▼▼▼
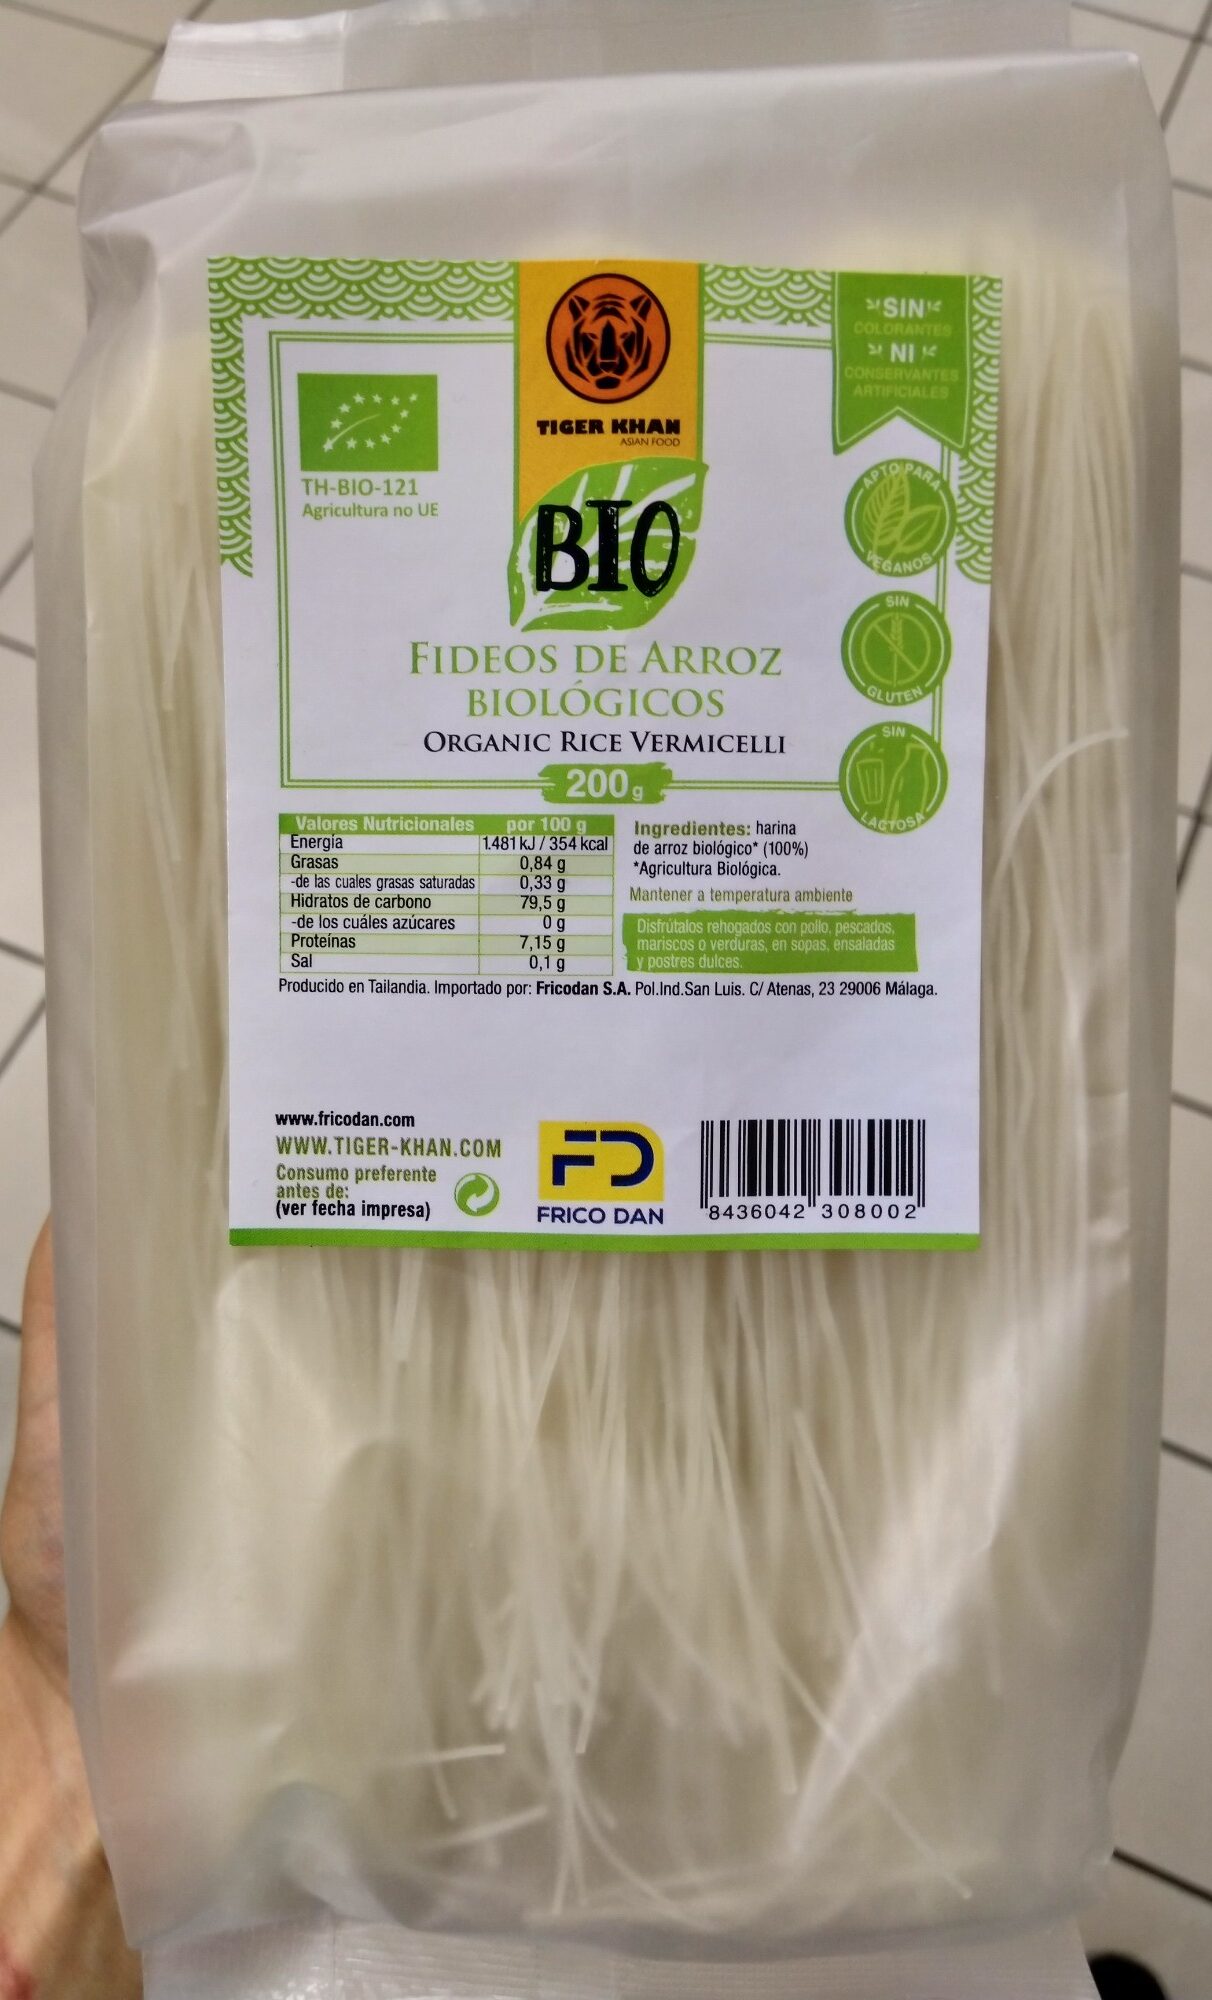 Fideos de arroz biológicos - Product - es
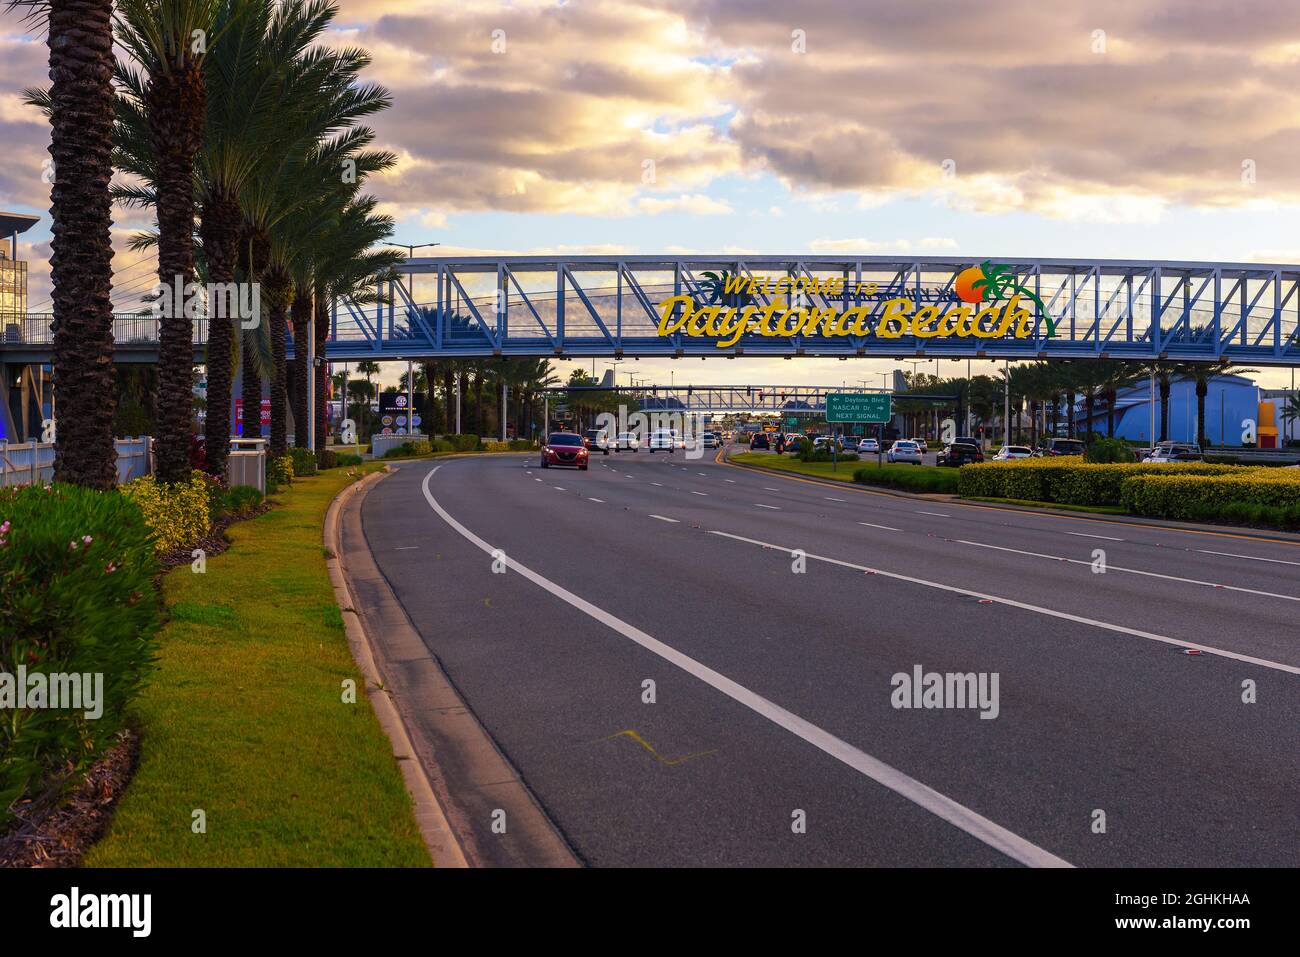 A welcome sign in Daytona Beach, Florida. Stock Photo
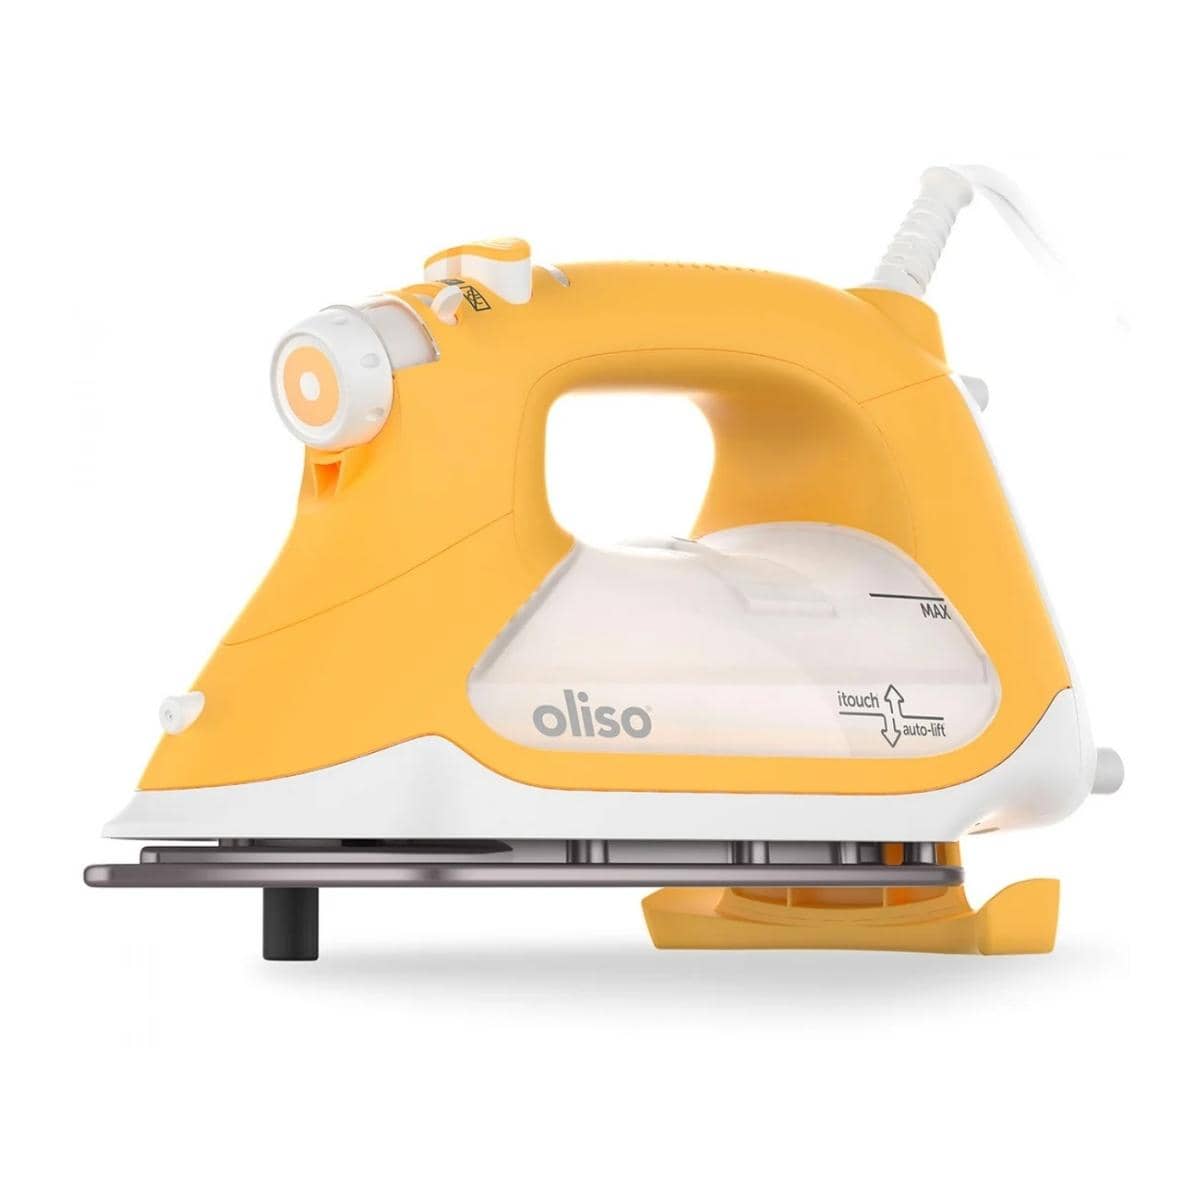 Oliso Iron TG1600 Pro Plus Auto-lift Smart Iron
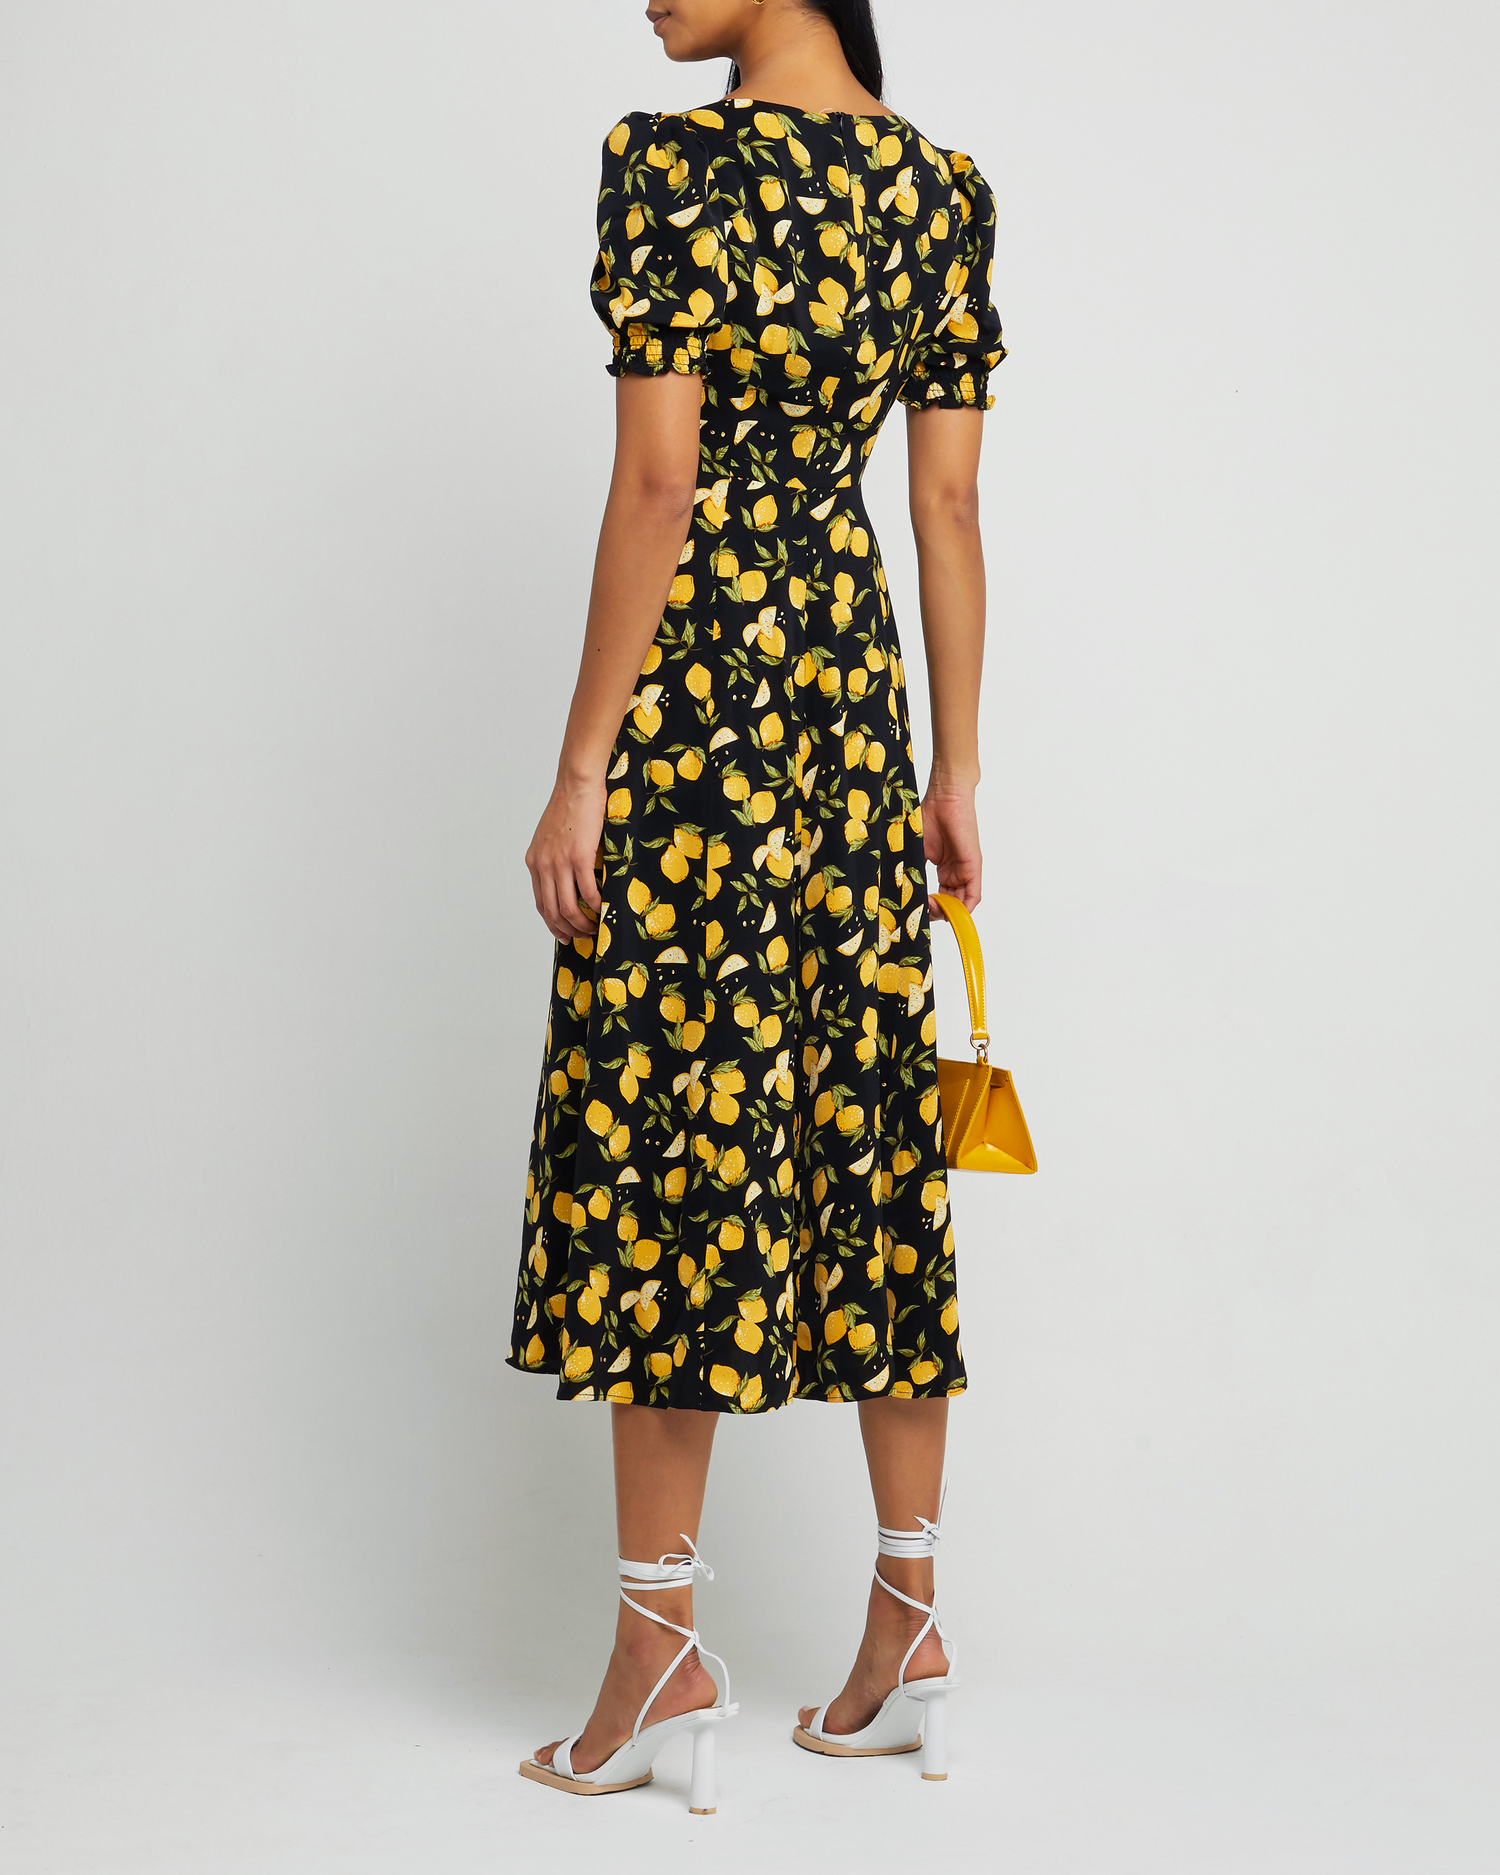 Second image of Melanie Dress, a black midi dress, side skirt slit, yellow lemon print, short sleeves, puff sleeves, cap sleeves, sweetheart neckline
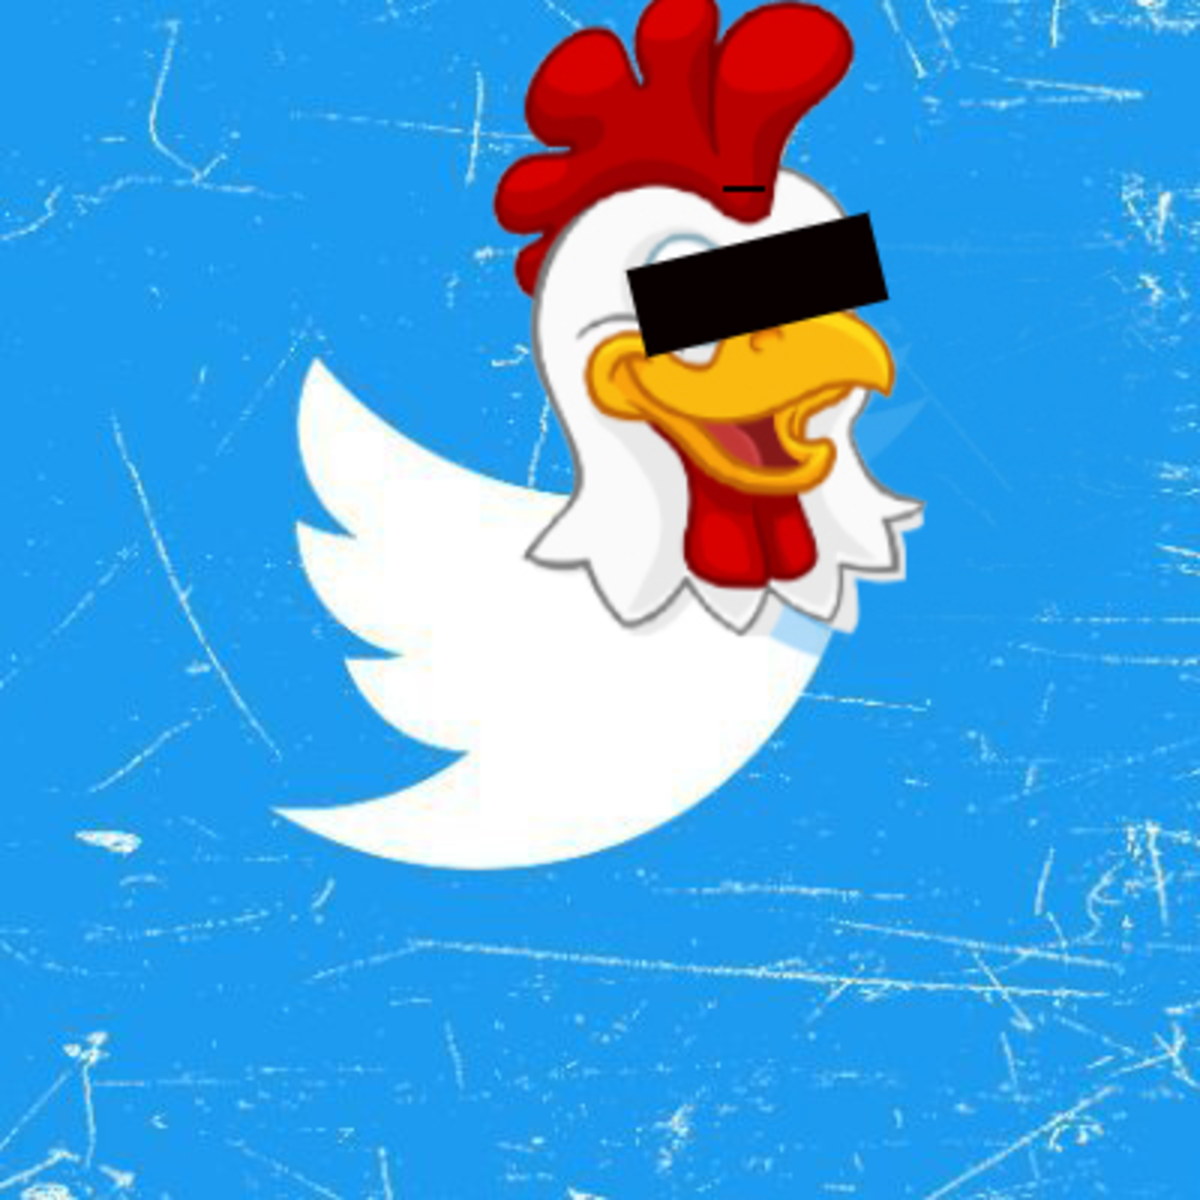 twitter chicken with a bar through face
▲▲▲
Task to carry out:
A verbatim copy of the records above, without pictures, is required.

Answer to this task:
 Fideos de arroz biológicos - Product - es
 A welcome sign in Daytona Beach, Florida. Stock Photo
 Oliso Iron TG1600 Pro Plus Auto-lift Smart Iron
 Second image of Melanie Dress, a black midi dress, side skirt slit, yellow lemon print, short sleeves, puff sleeves, cap sleeves, sweetheart neckline
 twitter chicken with a bar through face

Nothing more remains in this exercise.